Perhaps the vision of the sailor was unusually keen just then, for when he paused with a start he caught sight of a shadowy figure, which seemed to glide, without any effort of its own, over the sand, and immediately disappeared among the palm trees. There was something so peculiar in its movements that Abe was chilled with awe as he stood still and watched it for the few seconds it remained in view. But there could be no doubt of its identity. It was Fred Sanders, who had been on the watch, and who must have seen the mate dig up the treasures, and knew they were now in his possession.
Storms was in anything but a comfortable frame of mind while walking thoughtfully back to the cabin, which he entered.
“What more likely than that he will steal up here in the night, believing I am asleep, and try to shoot me? Well, if he does so, he shall find me prepared for him, anyway.”

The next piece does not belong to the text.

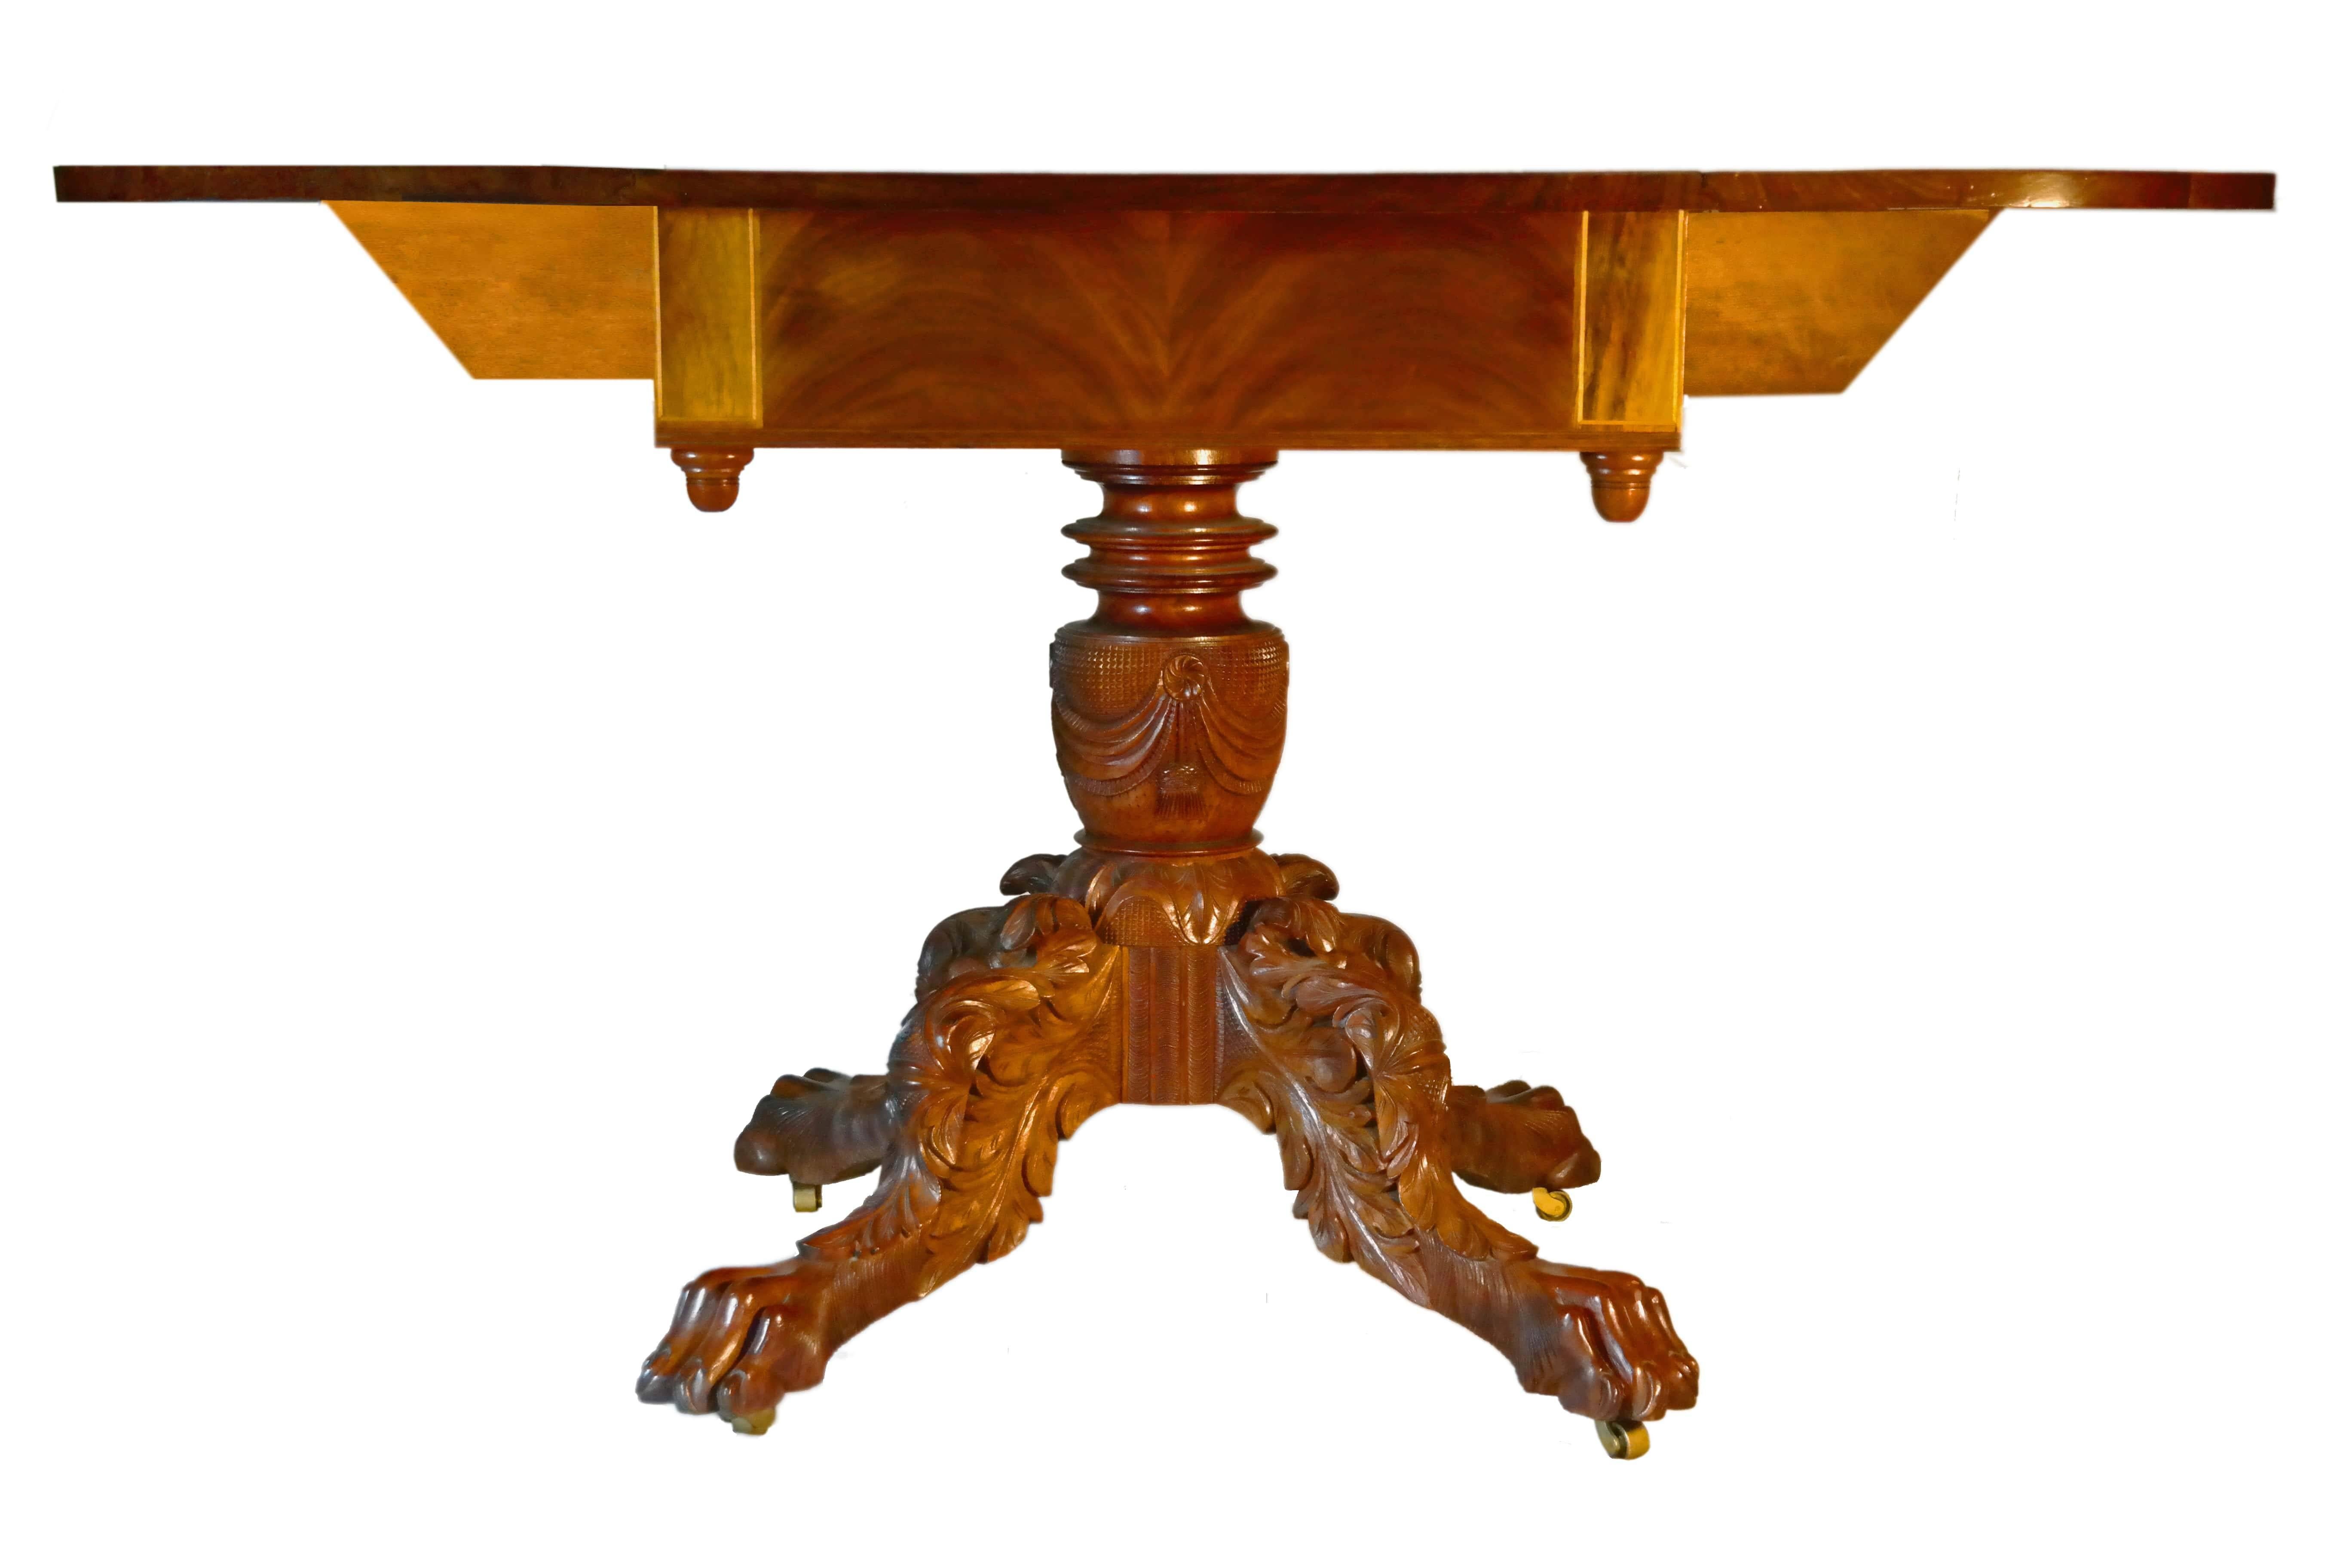 Late 19th century American mahogany Pembroke table. Top made of single solid boards with figured mahogany leaves. Satinwood stringing inlaid into mahogany skirt with an elaborately carved pedestal base resting on lion feet with original brass

The first proceeding of the mate was to deposit the pearls contained in the three diminutive canvas sacks in a small valise, which he had carefully preserved all through the years, and which now held a few necessities that he meant to take away with him. The addition of these precious contents taxed the receptacle to its fullest capacity, but, after all, this was the best thing to do, and he believed he would be able to keep it under his eye during the comparatively short time they would be on the voyage to Wauparmur Island.
It may be said, indeed, that there was nothing else to be done, which rendered it unfortunate that he could not secure a few hours’ sleep before venturing away in the proa. But the nerves of the mate were too unstrung by his position to feel easy, and he placed himself by the opening of the cabin, with his hand upon the weapon, prepared to watch until daylight.
As might have been supposed, in spite of his uneasiness, he gradually became drowsy, and it was not long before his head sank on his breast, and he, too, was asleep. It was well he did so, for he gained the rest so necessary, and as it was, he might have slept longer had he not been awakened by outside causes.
Captain Bergen slept on, but Inez was on her feet at an early hour, and seeing that Storms was unconscious, she passed out without disturbing him, and made her way to the spring, where she always performed her morning ablutions.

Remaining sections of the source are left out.